I am Anabel Garcia, born in 1969. In 2018 I arrived in Almere. I live in a neighborhood called Literatuur Wijk. This is my story:

I was born and raised in Junín, a city of 100,000 inhabitants in the province of Buenos Aires 260 km from the capital. It is famous because Atahualpa Yupanqui and Evita Perón lived there. Junín is an agricultural region of fertile land in the heart of the humid Pampa where Italian and Spanish immigrants who started their lives in America fleeing from wars and poverty settled. 

I had a privileged childhood. I went to school, I had time to play and to learn. During my adolescence I was sporty: I did triathlons, swam, and played volleyball. From the age of 15, I was a political activist and was already involved in several social projects. At the age of 18, I won a scholarship to study the Russian language and literature in the USSR for six years. I lived and studied in Moscow from September 1989, before the fall of the Berlin Wall, until 1995, when I graduated.

My life from the age of 18 until today has been to migrate from one country to another by personal decision and out of curiosity. It was clear to me that I did not want to get married or have children. I lived six years in Russia, five in England, nine in China, two in Ecuador, one in Brazil, and two in Spain, in the Canary Islands. My mainstay has always been teaching foreign languages. I have taught Spanish, Russian, Chinese, and English to children and adults all over the world.

I visited the Netherlands for the first time in 1990 as a tourist. I came with Joeri, a Dutch boyfriend I met in Moscow while he was studying piano at the conservatory. I remember his mother waiting for me with flowers in Hoek van Holland on the platform of the train coming from Moscow. It was my first time in Western Europe. The Netherlands impressed me by the social harmony, the architecture, and the tranquility in the streets: people were not worried about the economic situation of insecurity. The Dutch seemed content with their lives, enjoying their free time, parks, art, music, and culture.

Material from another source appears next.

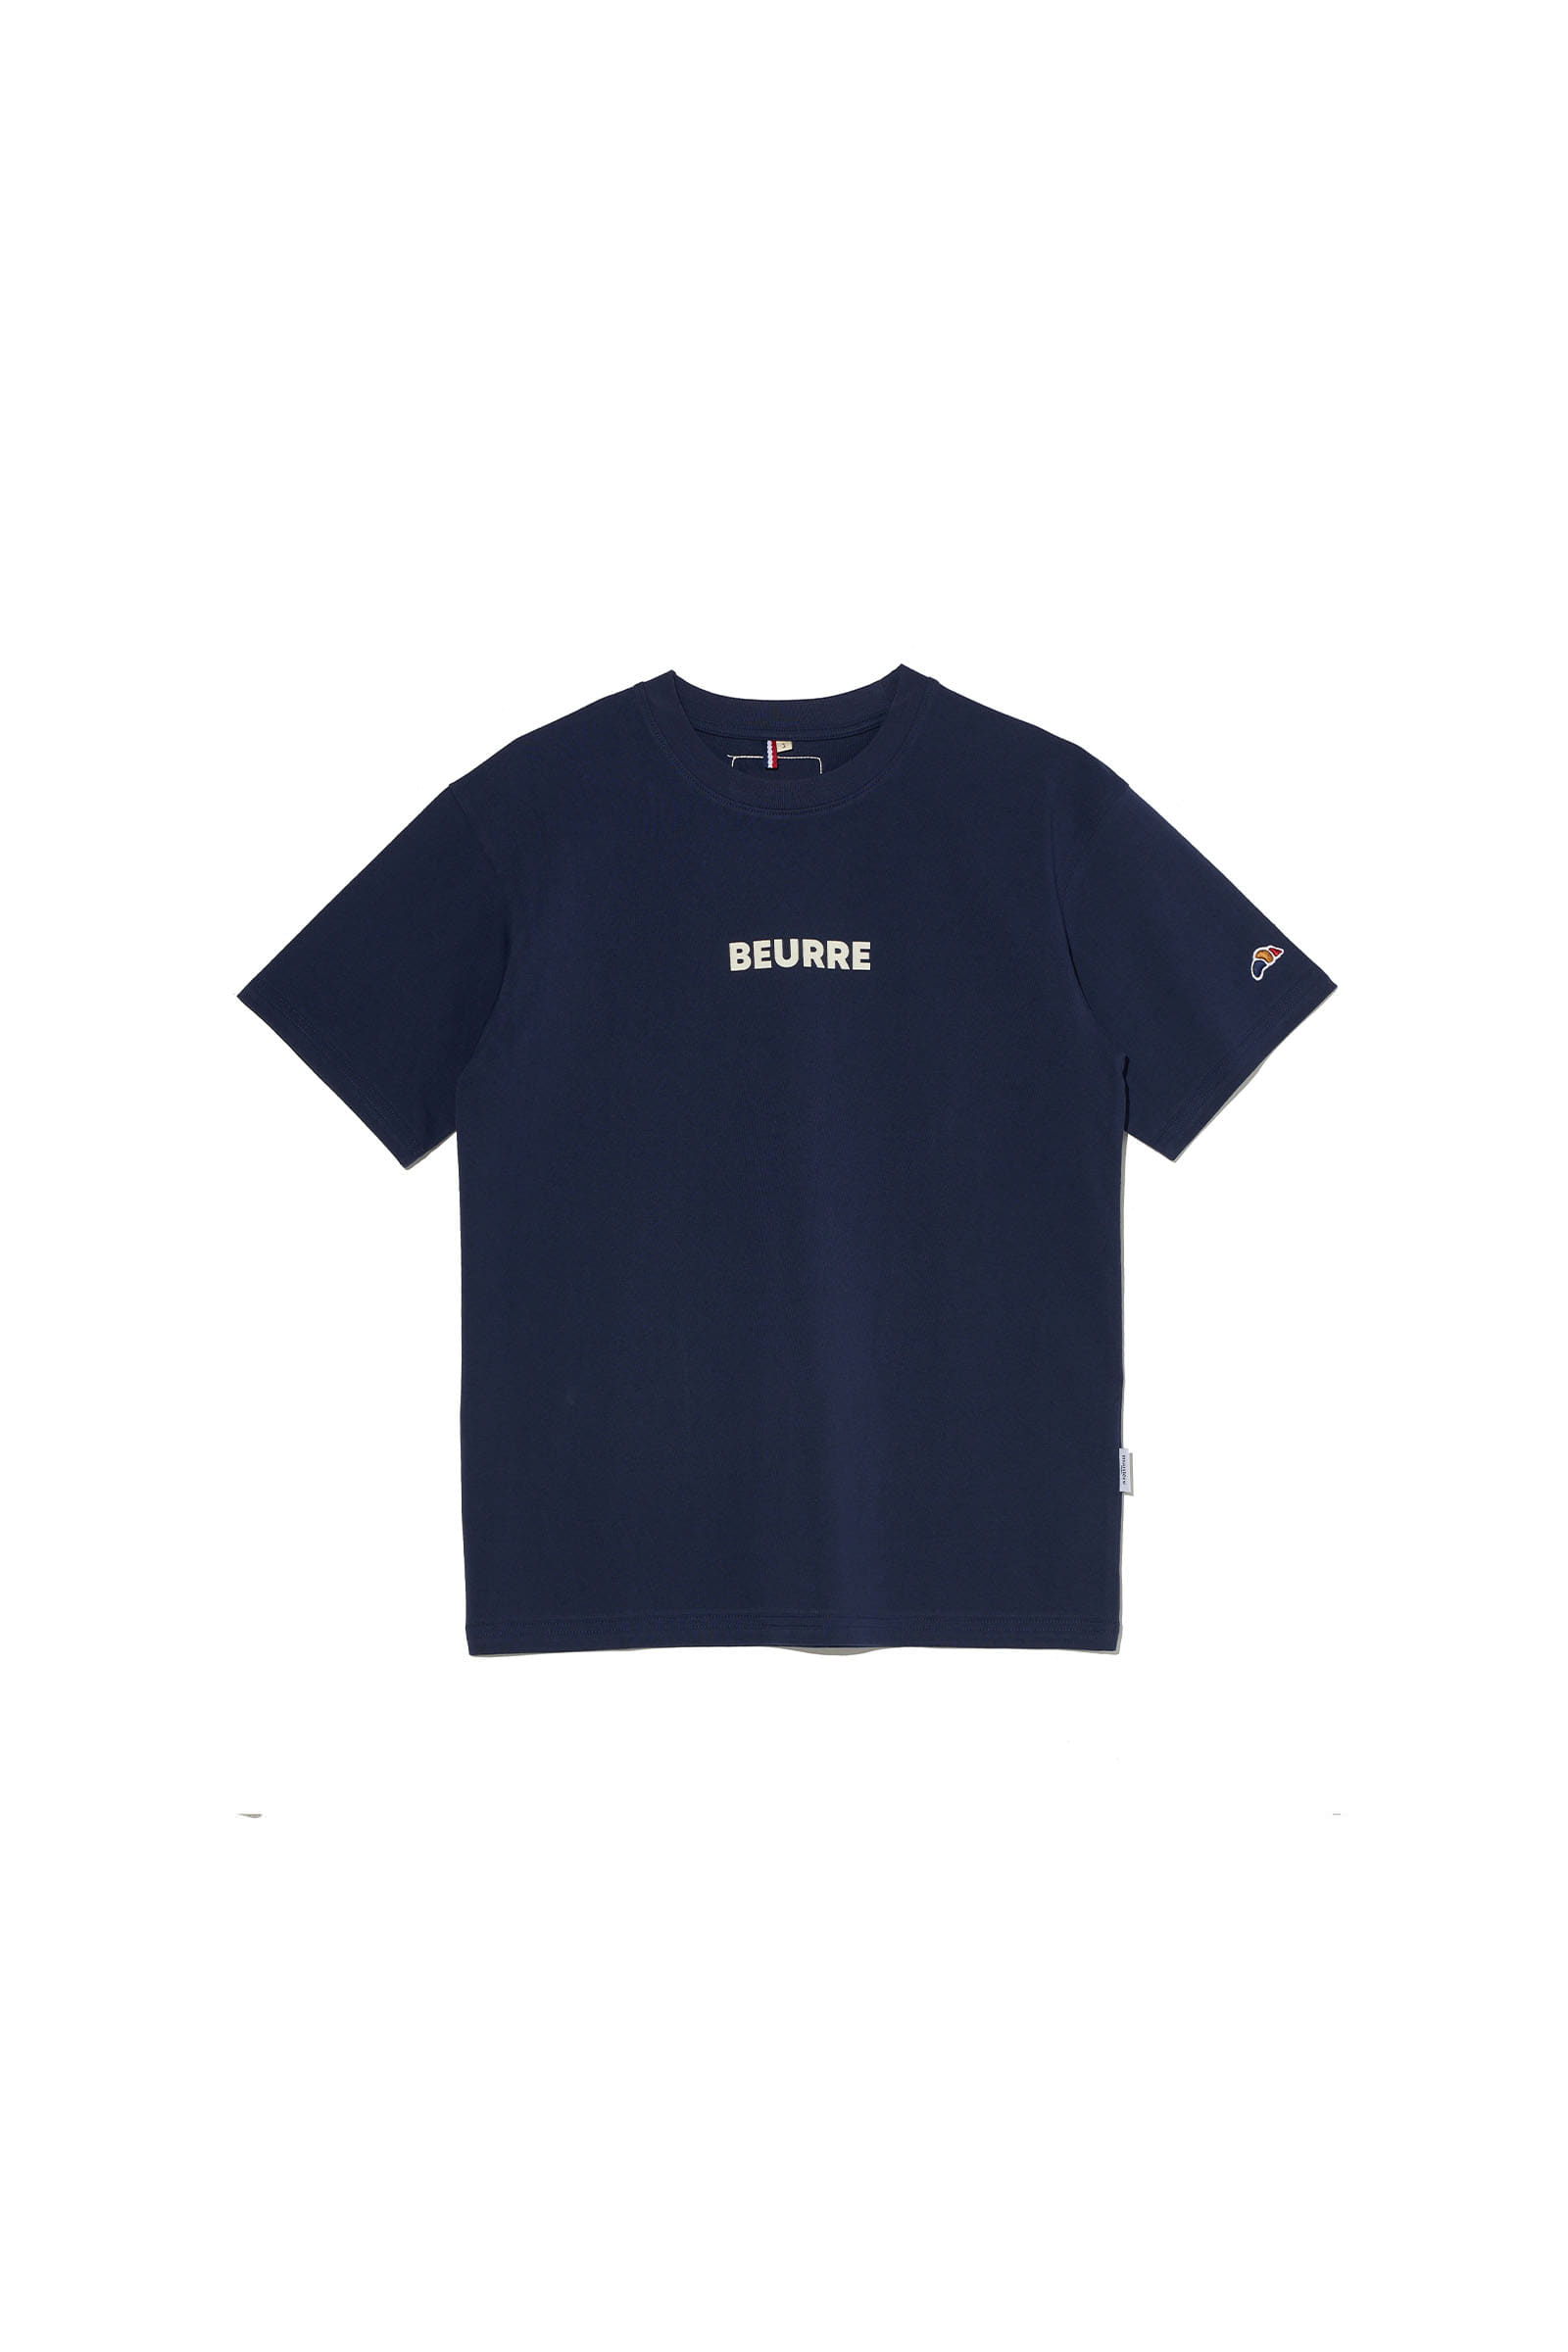 ep.6 BEURRE Mini T-shirts (Navy)

The first period I lived in the Netherlands was from 2000 to 2003 in The Hague. First I studied the language at Albeda College in a state course and then I worked in a company. In 2003 I wanted to realize a dream I had pending; to learn Chinese. So I left everything, and from the Netherlands, I went to Changchun, a city in the northeast of China where in winter it is minus thirty degrees Celsius (-30º). For nine years I was a Spanish teacher at Jilin University in Changchun for undergraduate and graduate students. The same university awarded me a scholarship and I pursued a doctorate in Chinese language, phonology, and acquisition of Chinese by Spanish speakers. For love, I left China for Ecuador, Brazil, then Spain, in the Canary Islands, to finally reach my current destination, the city of Almere in the Netherlands.
This second migration to The Netherlands was in 2016 with 46 years old, a suitcase of 35 kilos, and knowledge of the language and culture. I came back because this country gives me peace and the economic freedom to lead a dignified life. In 2018 we bought our house with my boyfriend Wim. We chose Almere because of work because it is a strategic location in the heart of the Netherlands and it is 13 km from Naarden, where his family lives. During the Covid we cycled every week to Naarden from our house in Literatuurwijk, around the Gooimeer, enjoying the scenery, the water, and the parks of the Polder. For me, I am thrilled to know that Wim's grandfather, Jan Hof, was one of the pioneers of the Noordoostpolder and dug ditches with a shovel in the 1930s to create this land where we live, "the largest polder in the world". Some people live at 3,000 meters above sea level, but I live 4 meters below sea level.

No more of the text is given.